Dear Teacher Who Keeps Showing Up,

Wouldn’t it be something if loneliness and loss could be measured on a Richter scale like an earthquake?

It would be wild if a tool could register the seismic divide of a heart split wide open or quantify the crippling agony of missing the touch of another person.

If such a device existed, I wonder what we would do with the empirical data?

If we could see an isolated grandmother in a frayed recliner with a half-completed word search measuring at say a 10, would we pick up the phone to say hello?

If we could see a daughter mourning the unexpected loss of her father measuring at say a 20, would we make every attempt to do something- anything, even if it was the wrong thing?

A wise person once told me that the issue today is not that we have an empathy problem but rather we have a connectivity problem.

This person was right. In an era when we're “supposedly” more connected than ever, we are, ironically, incredibly disconnected.

It’s an elementary definition for sure, but to me, connectivity is a mere showing up for others each day.
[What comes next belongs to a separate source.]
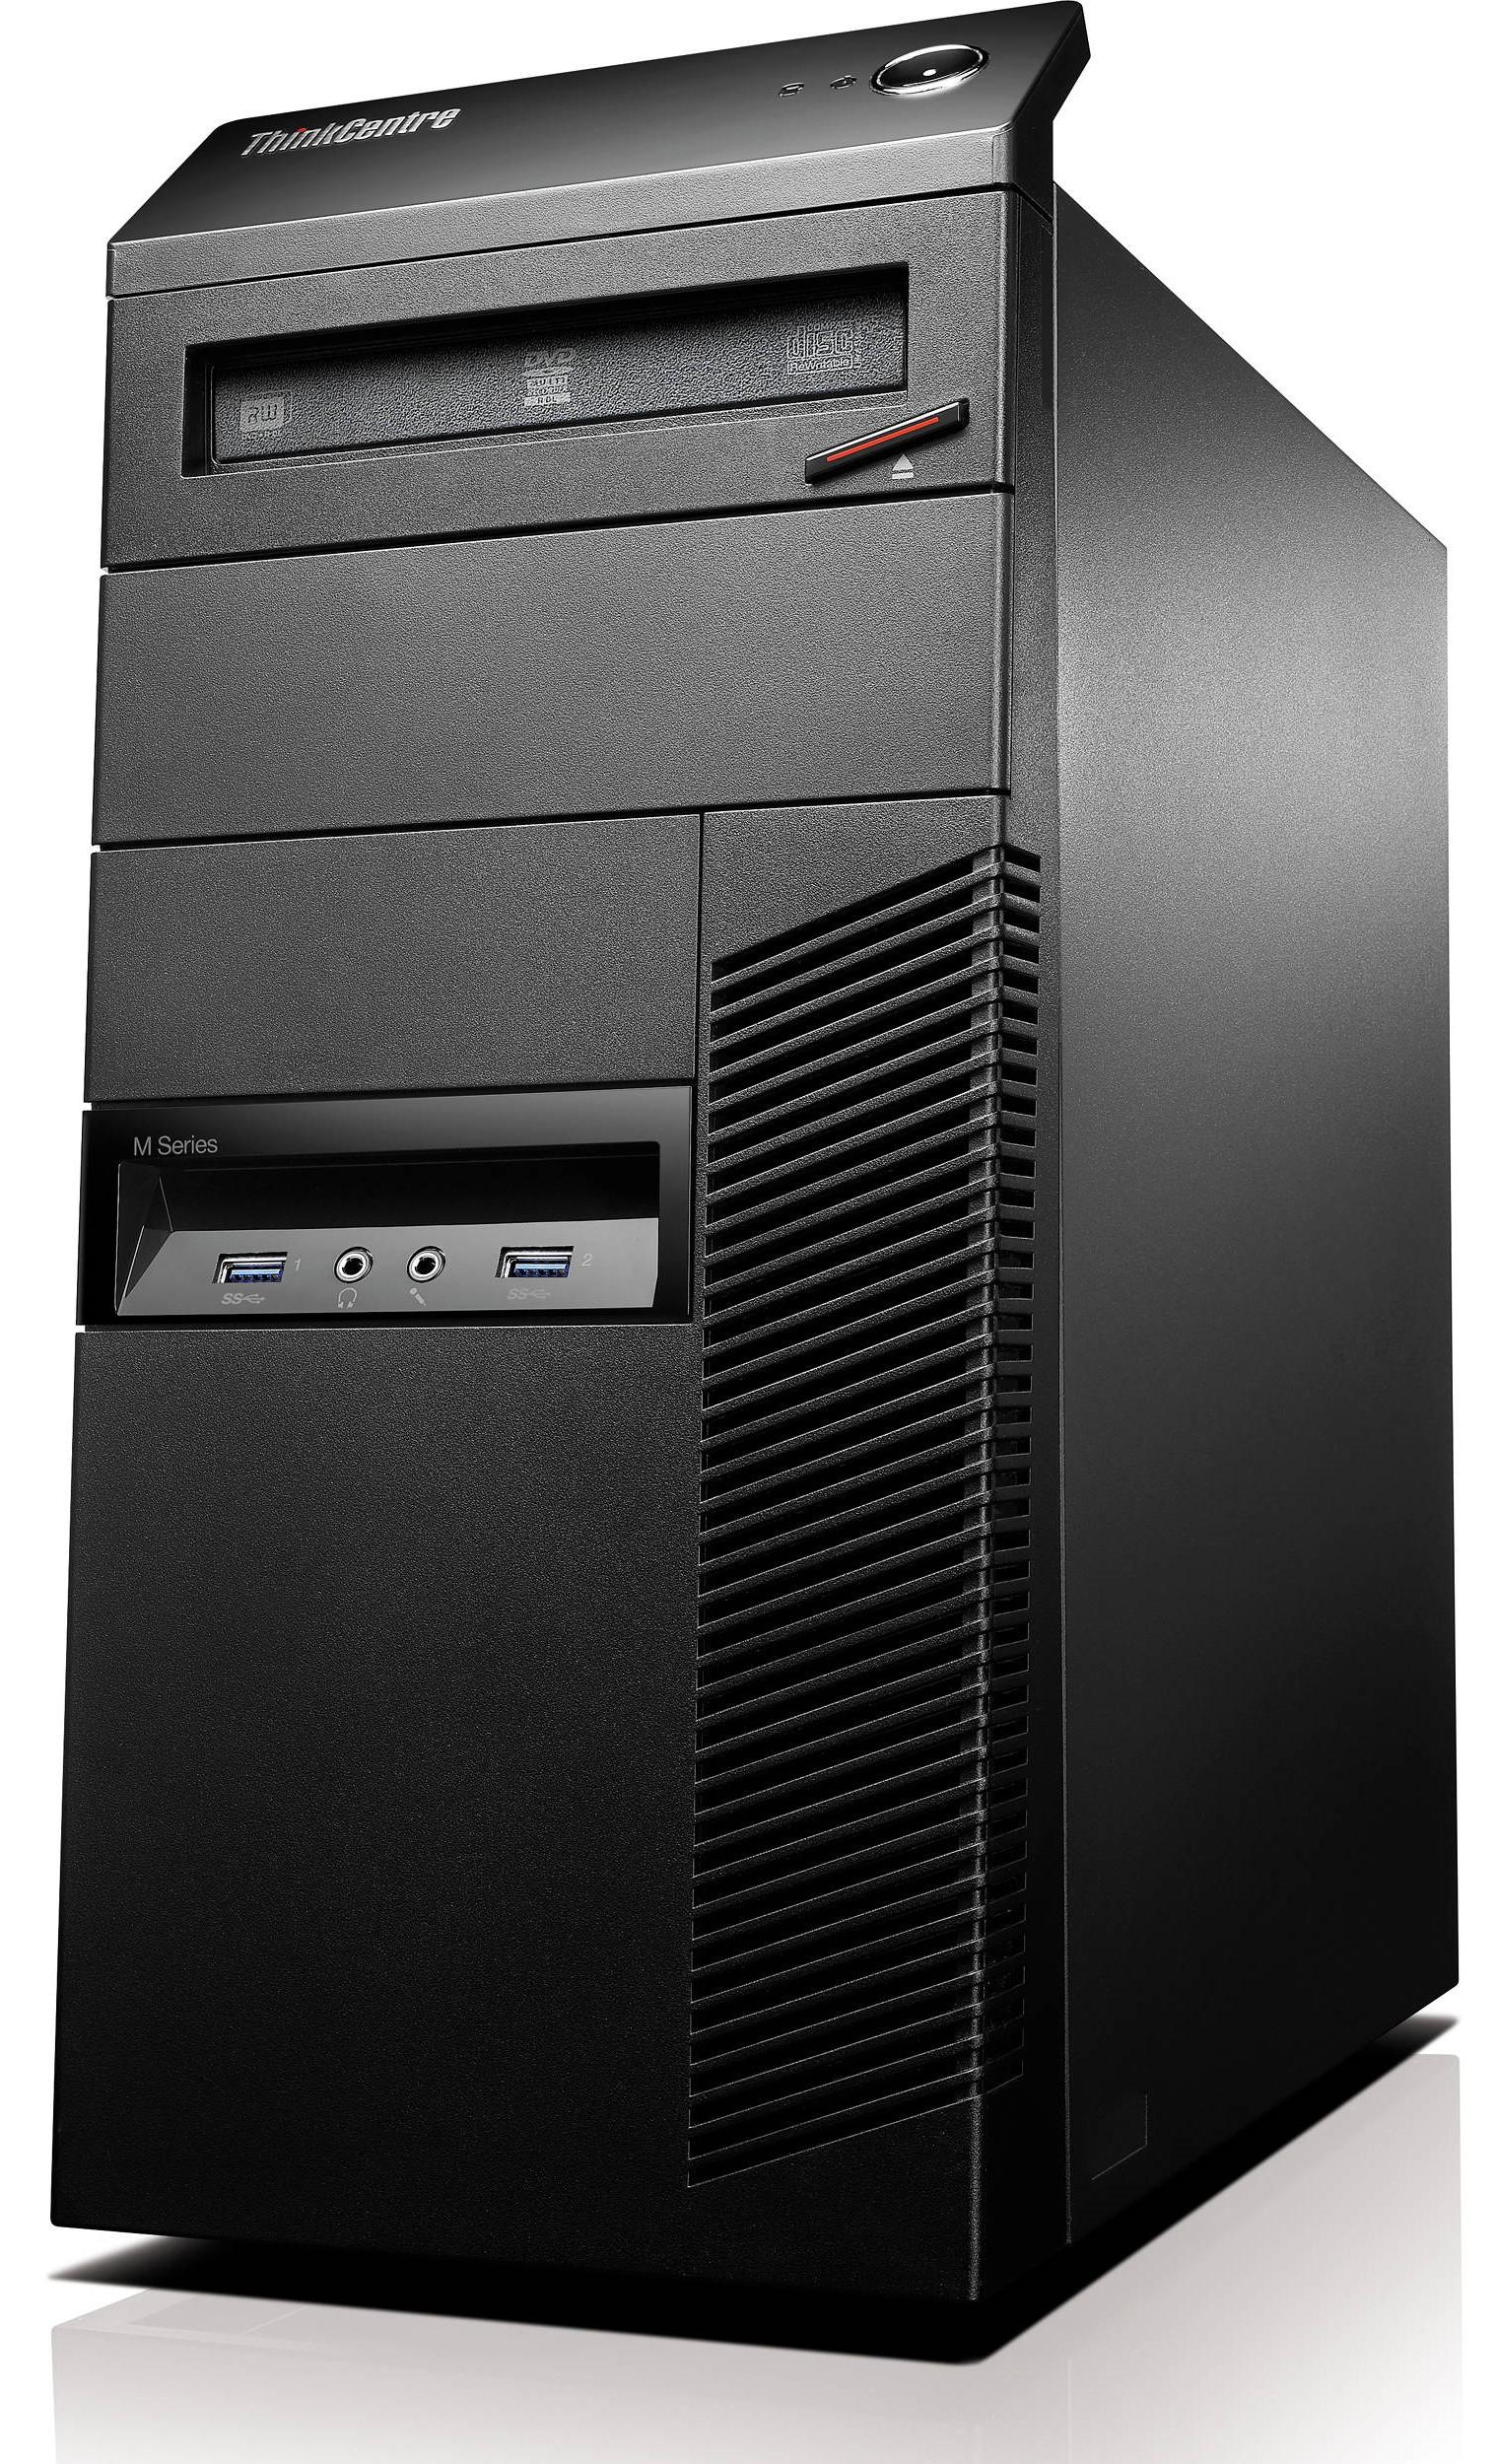 Lenovo ThinkCentre M73 MT

It’s saying, “I’m here. What can I do?” This is what teachers do so well.

They show up. On good days, bad days, cold days, hot days, sad days, wet days, sick days, scary days, fun days, even boring days, they keep showing up.

In a year dipped in the ink of anguish, the unwavering presence of a teacher is a huge comfort to a teenager grappling with the stamp of uncertainty on every front.

It’s the very reason he begins to sob uncontrollably at the first glance of his teacher in the greeting line of his mother’s funeral.

Without a single word, her presence alone teaches him the greatest lesson he will ever learn. Love is merely showing up.

Teachers, this year is hard. You’re tapped out, frustrated beyond measure, even scared. You don’t know what to tell kids about the civil unrest in our nation or the cruelty of sudden loss. You don’t know how to help them fight their demons or save them from destruction. You can’t muster up the willpower for another motivational speech of futility, and deep down you wonder if maybe something inside of you broke this year- the ability to feel deeply and not grow calloused to the tremendous suffering all around you. You’re not alone.

In this uncertain world, I think we need to give ourselves permission to feel whatever we feel without apology and understand that it may morph into a hundred different emotions by night fall. We need to be okay with not having the answers. Nobody does. Fortunately, I don’t think kids need, want, or expect their teachers to have the answers right now.

Could it be that the empirical data reveals their greatest need is simply having someone who keeps showing up?